Thanks for the response, I tried that, (I renamed the old file to writeHtmlDoc.dll.old and copied and pasted the new file into the folder) and the option for HtmlDoc PDF disappeared from the options list completely.....

geekraver · 03-01-2007, 12:12 PM

Aargh - sorry, you're right, I made a small change to the plugin interface which broke compatibility.

Anyway, I have a proper fix in; I will release an update tonight with this fix and the new XWord/Crossword Compiler plugin.

Fubrite · 03-01-2007, 12:26 PM

Thanks for your efforts, geekraver!

I'm looking forward to the new release later on tonight!

geekraver · 03-02-2007, 02:42 AM

Okay, rel 22 is up (if all is well, your rel 21 should prompt you for an update automatically when you start it up).

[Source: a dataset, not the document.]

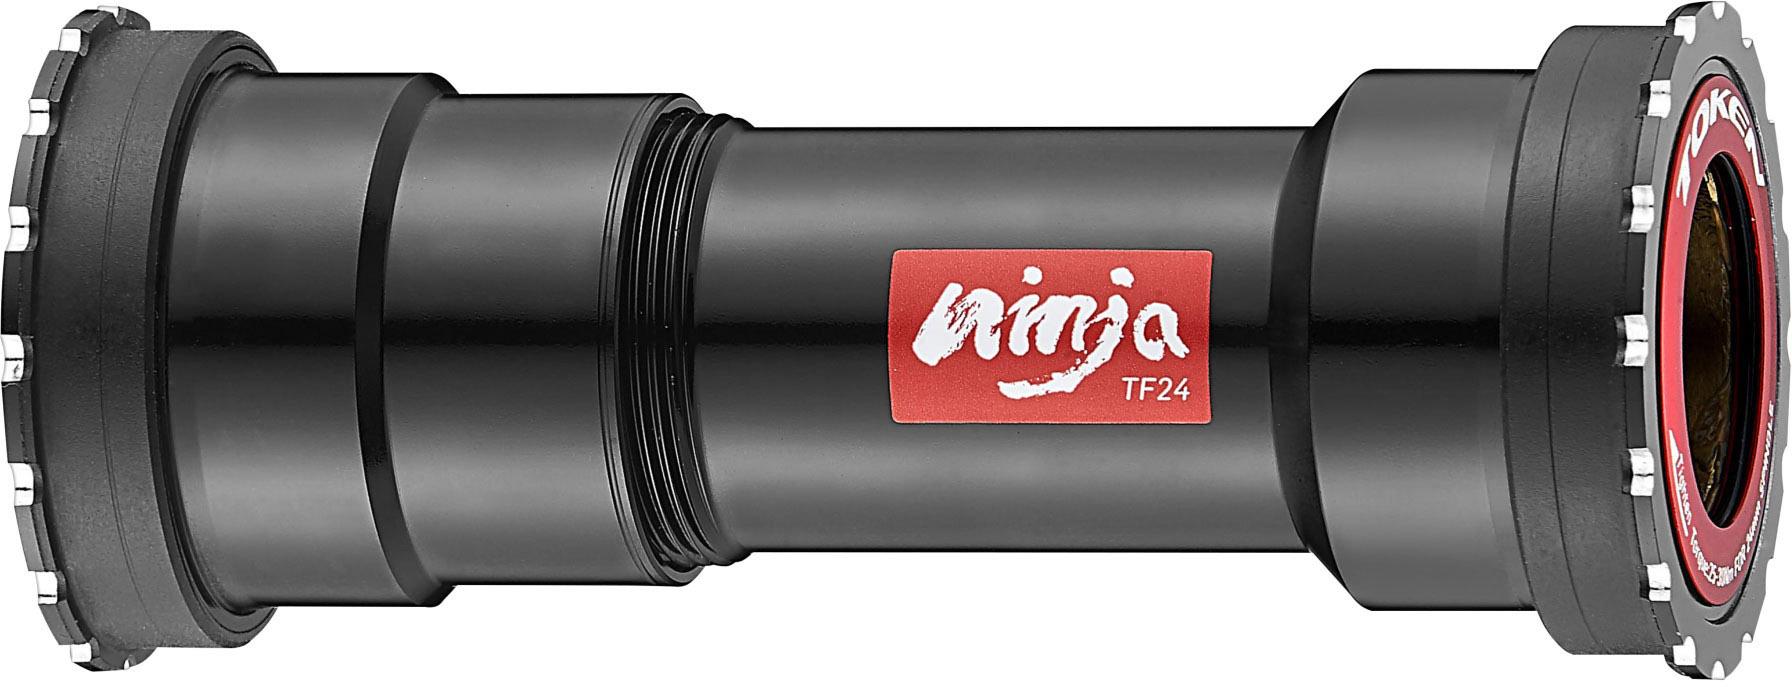 Token Ninja Bb86/89.5/92 Shimano 24mm Bottom Bracket - Black

I have added the new XWord plugin. However, it doesn't work with LRF output (not that much does with the existing Sony DLLs), nor does it seem to work with htmldoc. As far as I can tell this is a bug with htmldoc (at least the version I have); htmldoc seems to break on images that have local file:// URLs (and in fact if I invoke htmldoc with the --no-localfiles option, which is supposed to make it reject such URLs, I just get a usage error, so hrmldoc seems to have multiple issues here). The plugin will work with the built-in PDF and RTF converters, although you lose the two column layout of clues (until such time as I finally implement table support in these plugins).

Note that the URLs for sites that have crosswords generated by Crossword Compiler must have Grid.class applet elements or they won't work (confirm this by viewing the web page source from your browser). I've published one source so far that you can look at as an example; the URL is http://www.sundaytimes.co.za//Entert...crossword.html

LEE YONG HOON · 03-12-2007, 04:00 AM

Can't I use Rss2Book that is support Korean or Japanese?? T-T(..surpport Extended Unix Coding ( EUC ) 8-bit character encoding used primarily for Korean or Japanese...)
please...develop Rss2Book support Korean or Japanese..

drgnbear · 03-15-2007, 06:47 PM

This has to be one of the coolest tools I have found. Are there any writers out there writing ebook serials? It seems like it would be fun to set up a community based site doing just that. Publish it to RSS or something.

Hadrien · 03-15-2007, 07:07 PM

Quote:

Originally Posted by drgnbear

This has to be one of the coolest tools I have found. Are there any writers out there writing ebook serials? It seems like it would be fun to set up a community based site doing just that. Publish it to RSS or something.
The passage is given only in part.